## Task details
Keep the images out while you set down the data exactly.

## Collected data
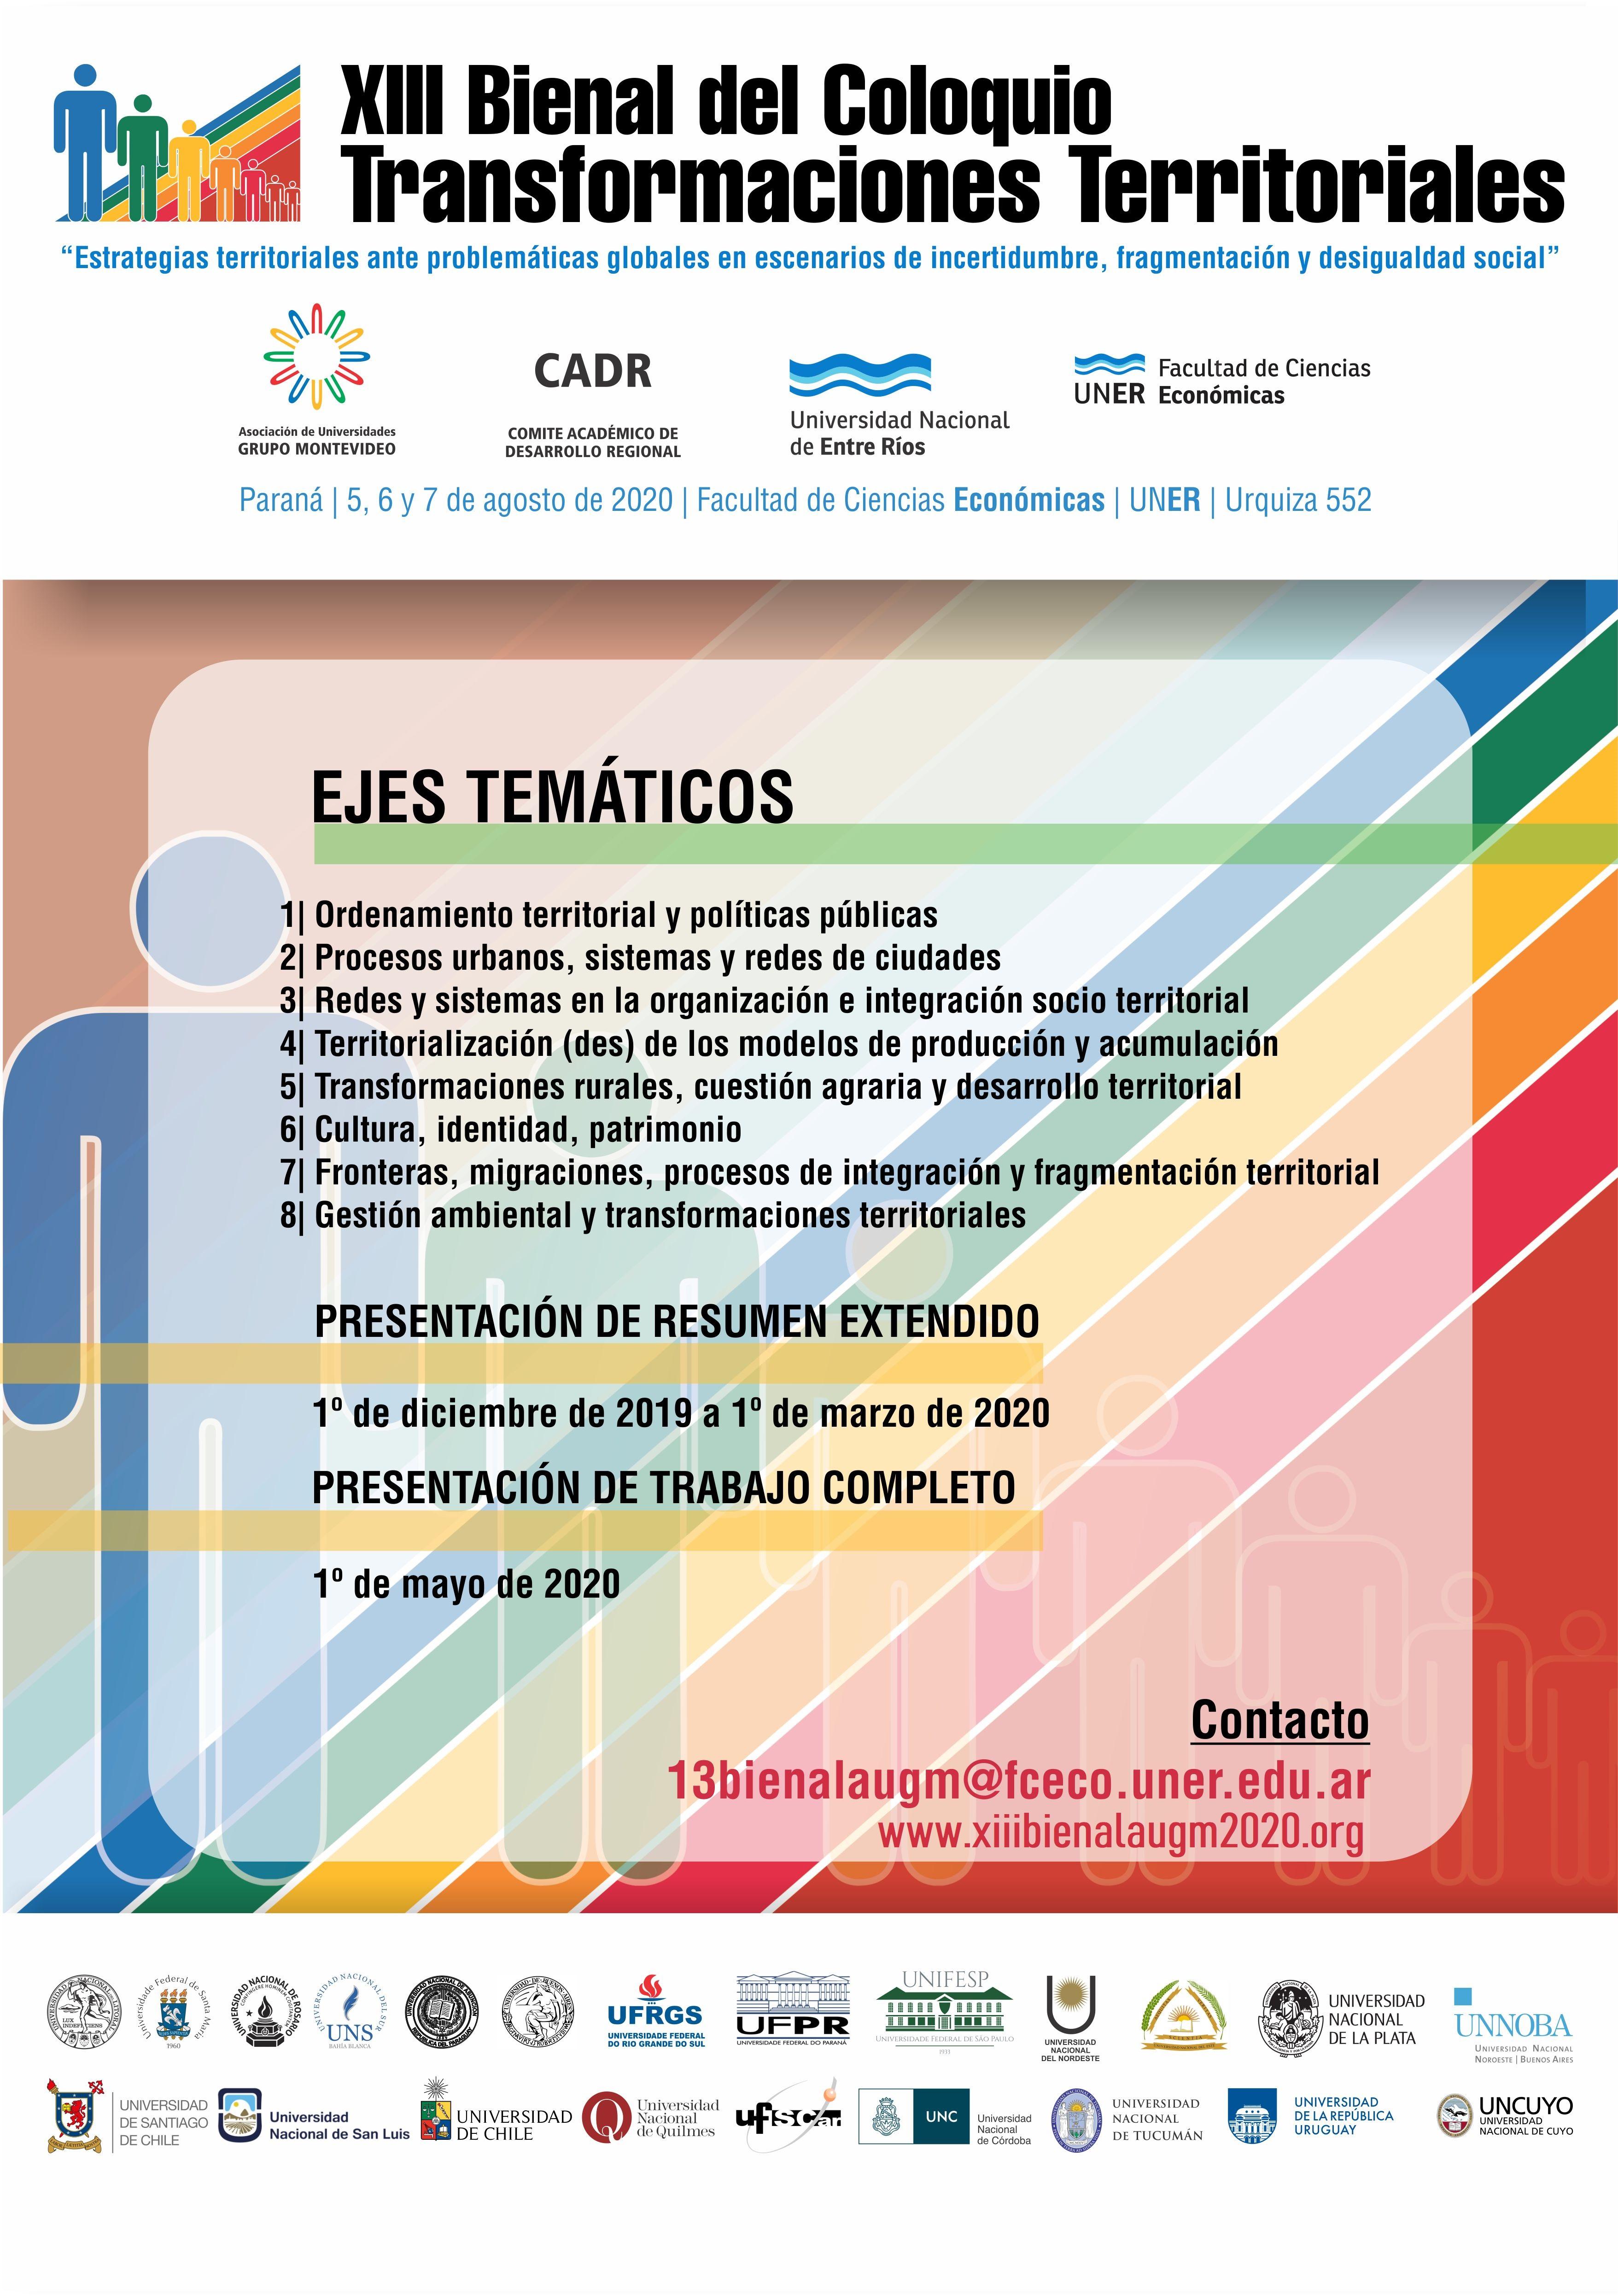 Tercera Circular XIII Bienal del Coloquio de Transformaciones Territoriales 2020
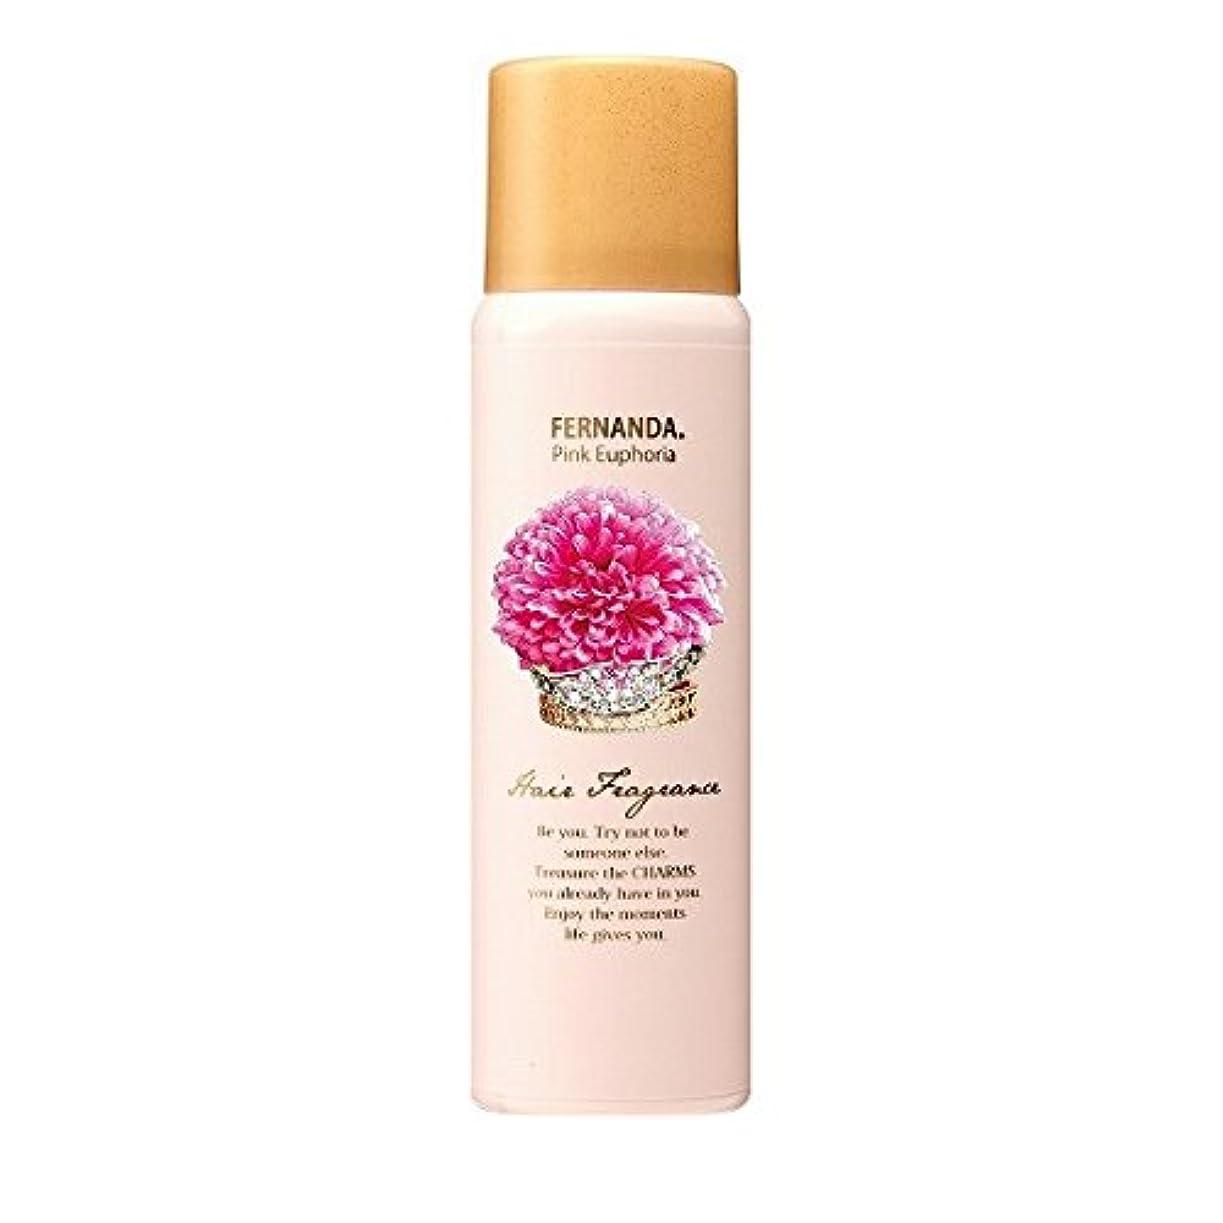 FERNANDA(フェルナンダ) Hair Fragrance Pink Euphoria (ヘアー フレグランス ピンクエウフォリア)
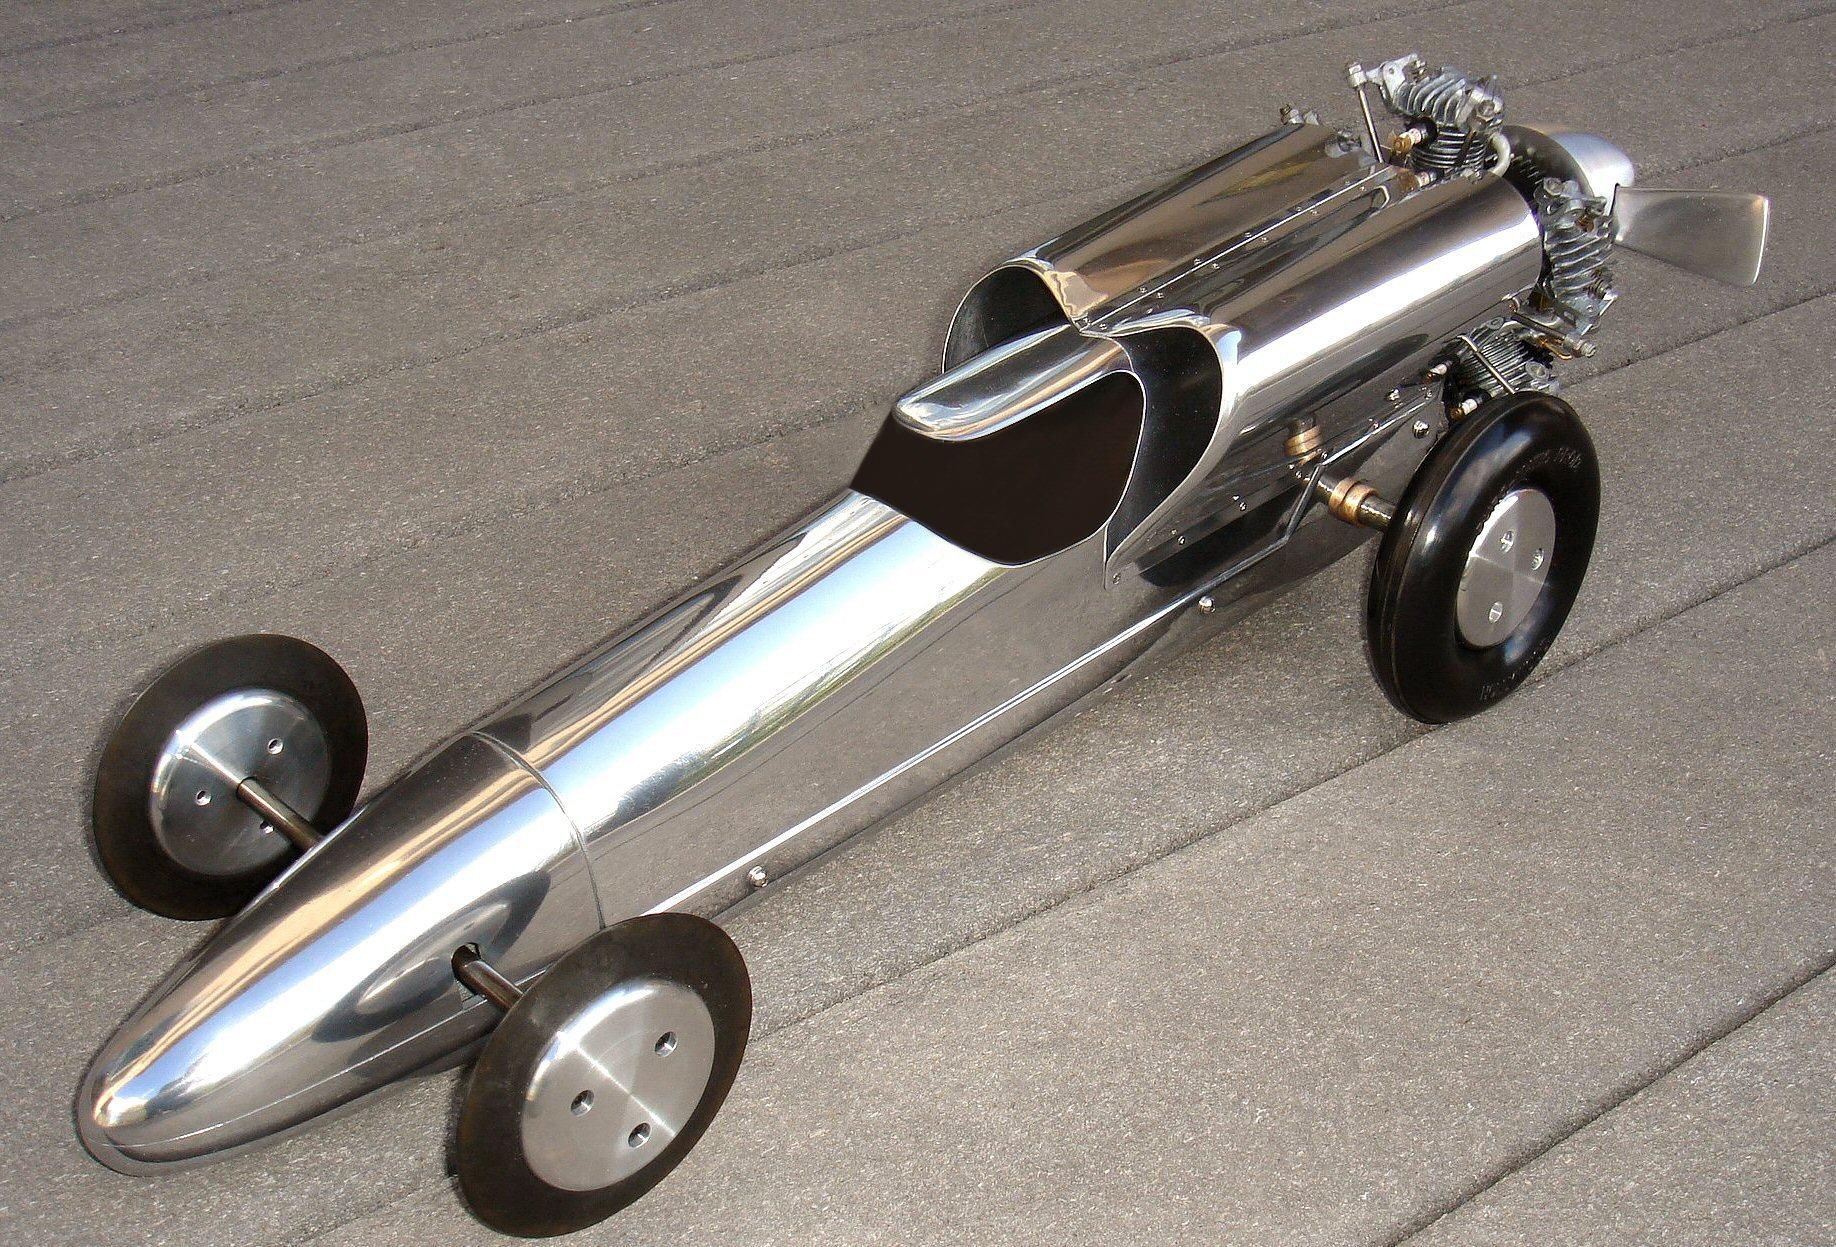 Tether Car Racing World Record

## Written answer
 Tercera Circular XIII Bienal del Coloquio de Transformaciones Territoriales 2020
 FERNANDA(フェルナンダ) Hair Fragrance Pink Euphoria (ヘアー フレグランス ピンクエウフォリア)
 Tether Car Racing World Record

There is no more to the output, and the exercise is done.